Te admiro también por tu lucha por la vida. En una sociedad donde la vida parece carecer de todo valor. Donde se aborta, se asesina, se viola, se mata, se lucha en guerras, se toman drogas mortales, se cometen actos terroristas, se trafica con la vida humana, o donde la gente se suicida; tiene mucho valor que alguien como tú, que tenía una calidad de vida paupérrima, se aferrara a ella con tanto ahínco. 

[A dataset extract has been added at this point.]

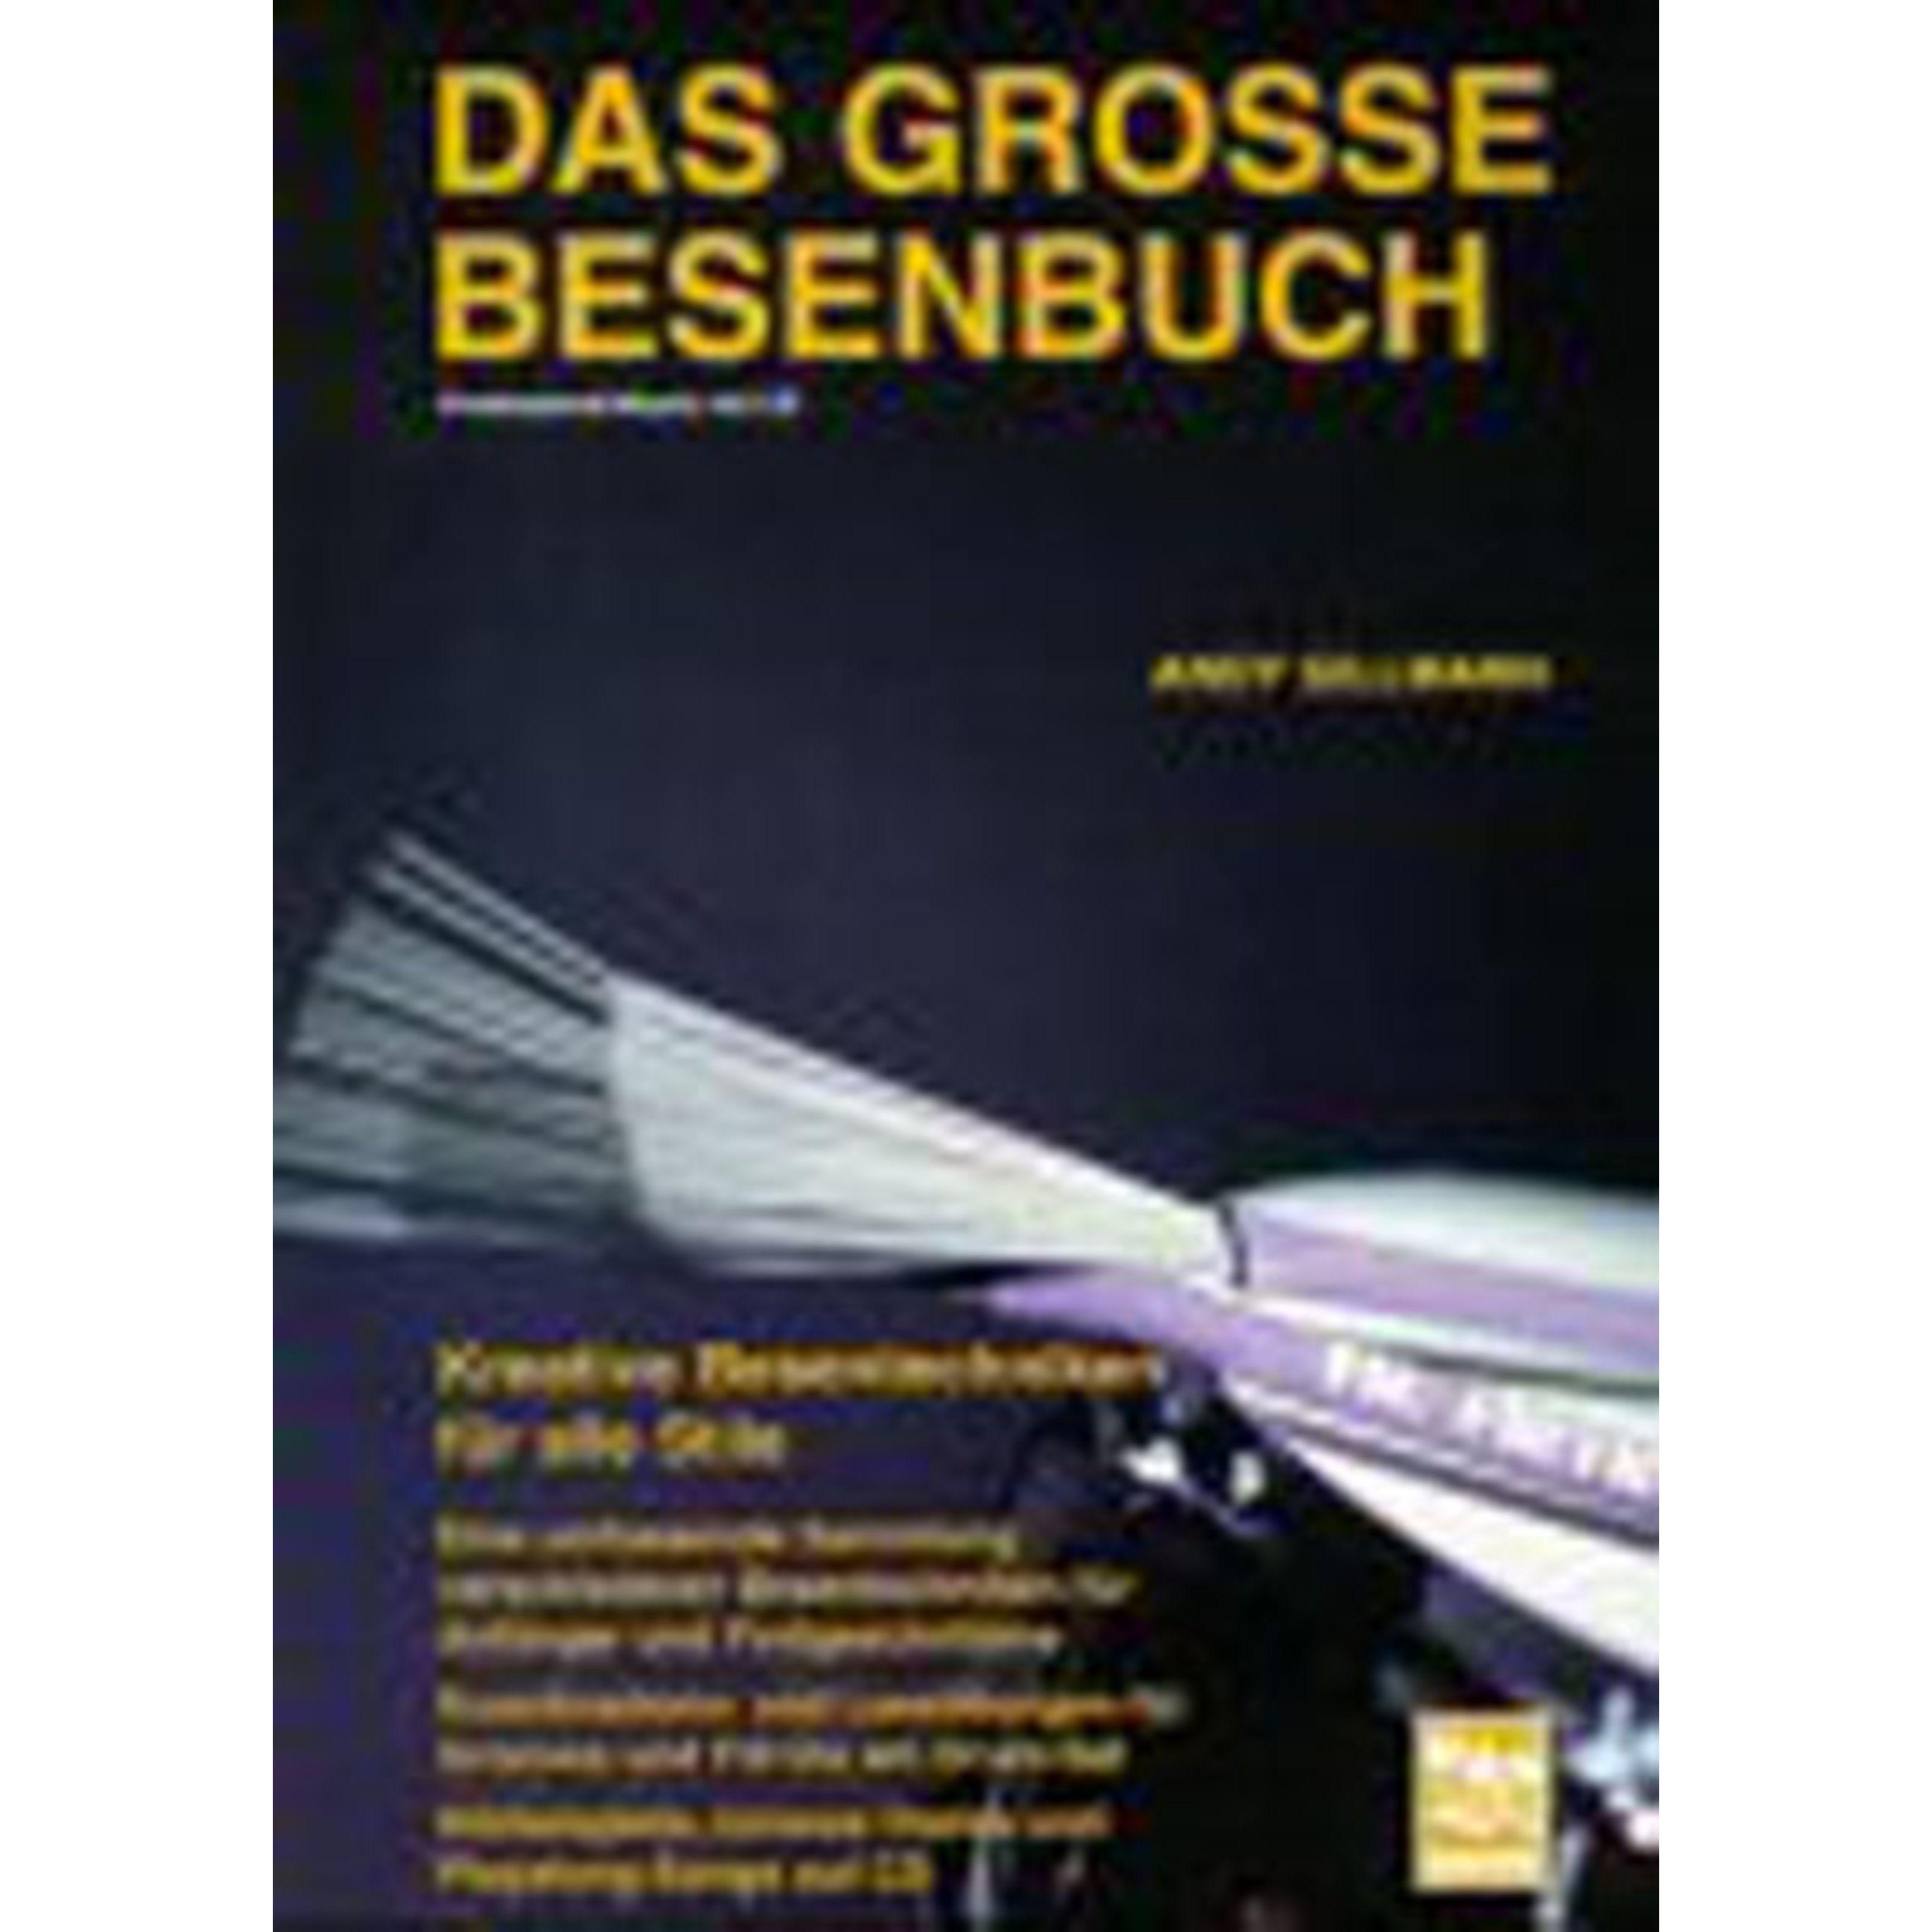 Leu-Verlag - Das grosse Besenbuch Andy Gillmann,inkl. CD 9783928825870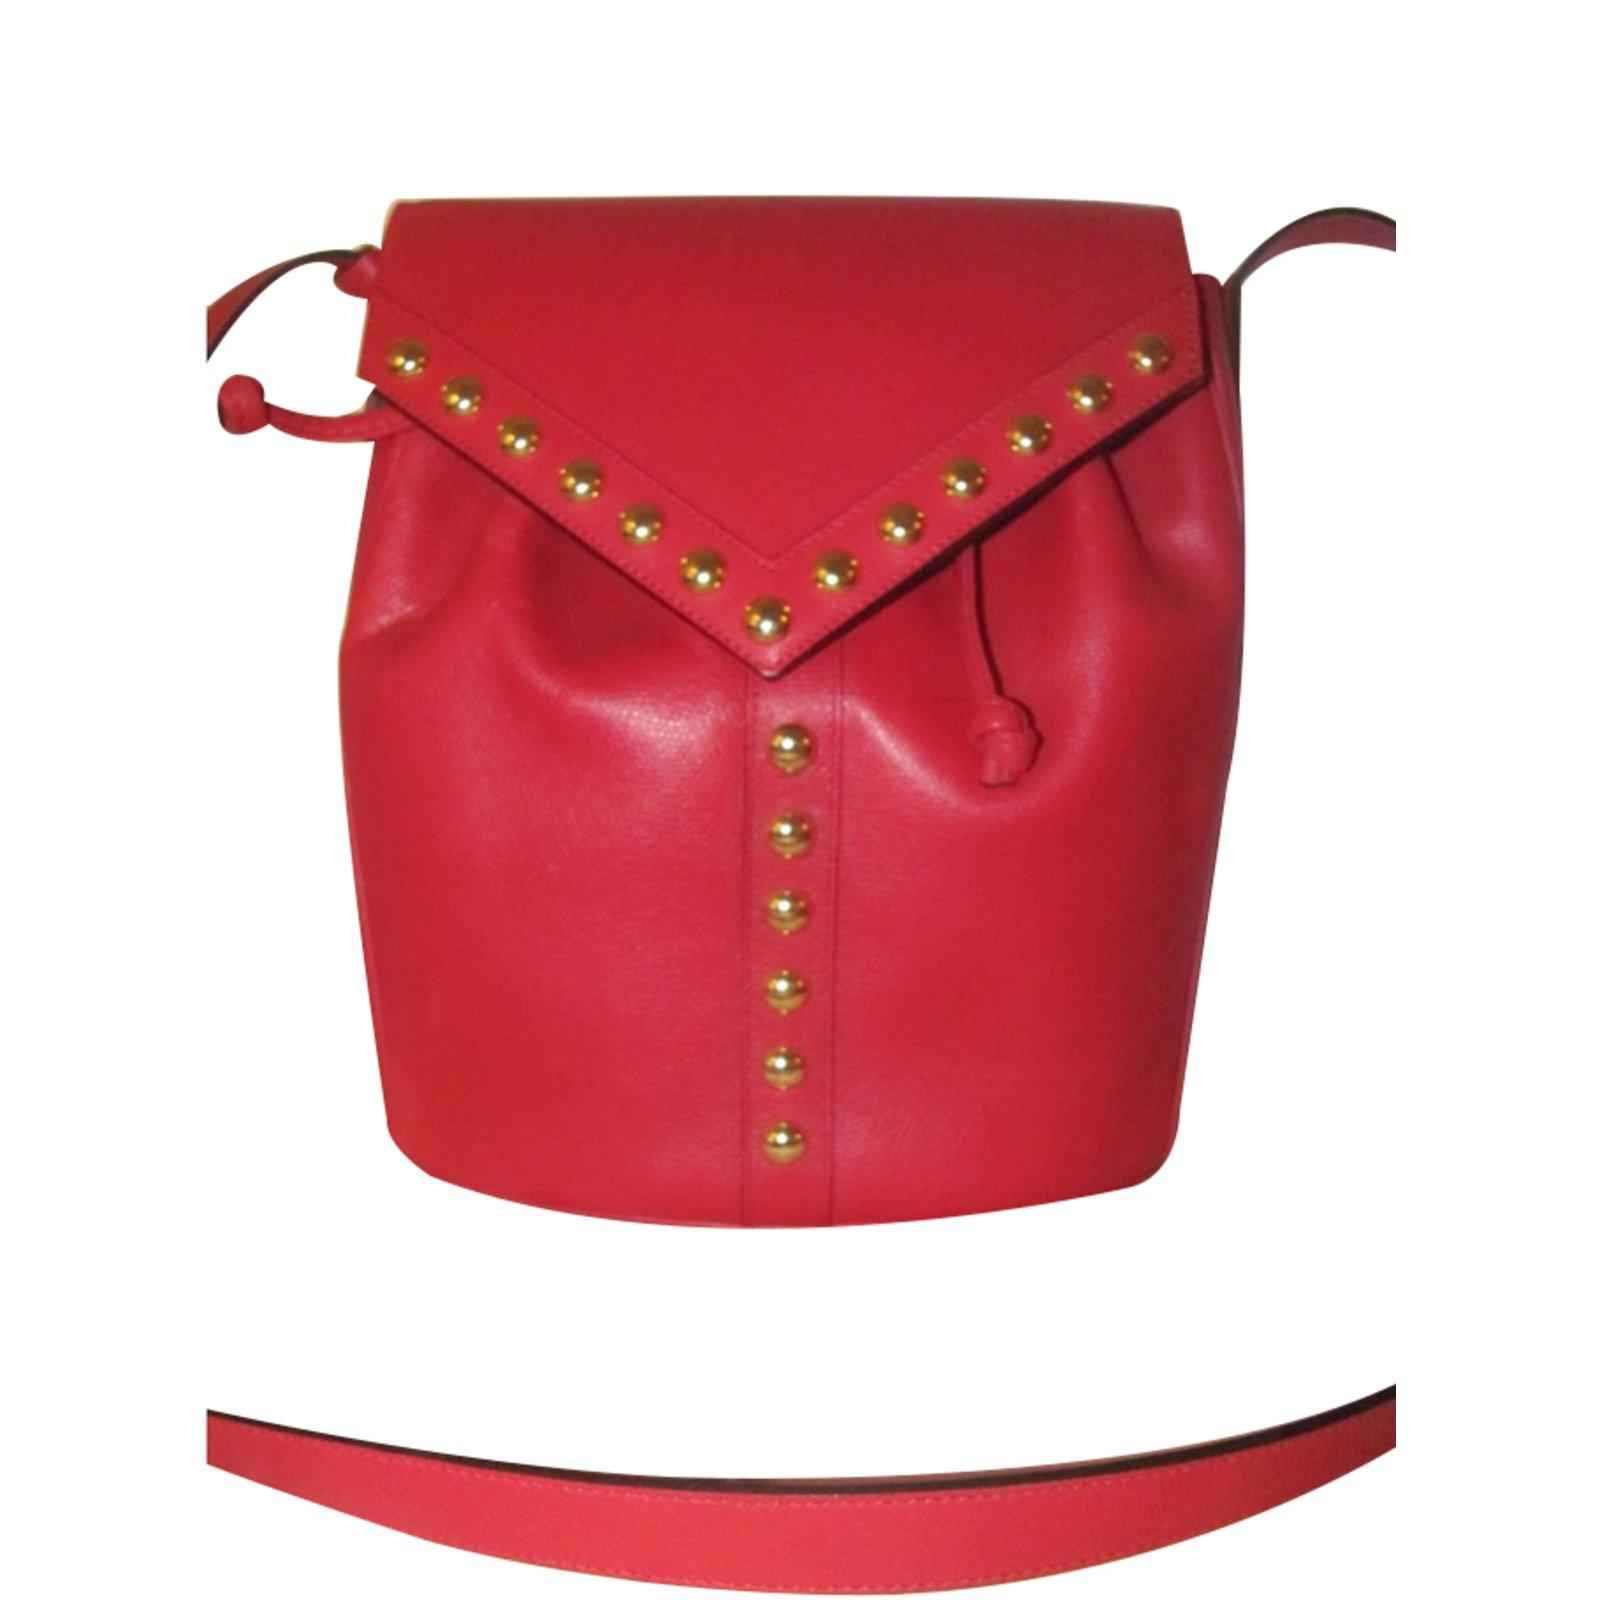 cc4df7607fa6 Yves Saint Laurent Handbag Handbags Leather Red ref.27765 - Joli Closet

Dicen los medios que eras una mente brillante, pero de pocos amigos. Yo me pregunto qué humor para chácharas puede tener un ser humano en tus difíciles circunstancias físicas. ¿Tendrías, además, que estar alegre todo el día? ¿Tendrías que fingir que no era nada el dolor que sentías? ¿Tendrías que haber actuado como si no te hubiera gustado pasear cogido de la mano, correr, saltar, poder afeitarte, ducharte, nadar, esquiar, sentarte tranquilamente en un parque y volver la cabeza a observar a los niños jugar de acá para allá… y otros muchos movimientos que la mayoría hacemos de forma autómata, sin darle el valor que tienen, hasta que perdemos la capacidad de hacerlos? Yo puedo comprender que, teniendo una mente intelectualmente tan desarrollada como la tuya, tu parte emotiva y afectiva fuera frágil y quebradiza. Es imposible ser un ciento por cien en todo. Yo sé, por la experiencia que tuve con aquella tía de mi madre a la que cuidé que, cuando alguien depende para casi todo de otros, el humor se vuelve cada vez más agrio, y las relaciones con tus seres queridos, cada vez más difíciles. Aunque tu y mi tía teníais una mente completamente opuesta. Tu intelecto era brillante, el de ella, la pobre, que no pudo ir a la escuela, dependía también de mí para que yo le leyera. A ella le gustaba que yo lo hiciera porque le aliviaba el sufrimiento de estar atada a su silla de ruedas, y con mi lectura, ella dejaba volar su imaginación por mundos desconocidos. Así entiendo el placer que tú siempre debiste sentir por la lectura, por llevar tu mente más allá de nuestro mundo conocido, de aceptar teorías futuristas sobre el ser humano, de sentar bases para otro tipo de mundo.

Gracias por todo lo que has aportado al siglo XX, al XXI y los siglos venideros.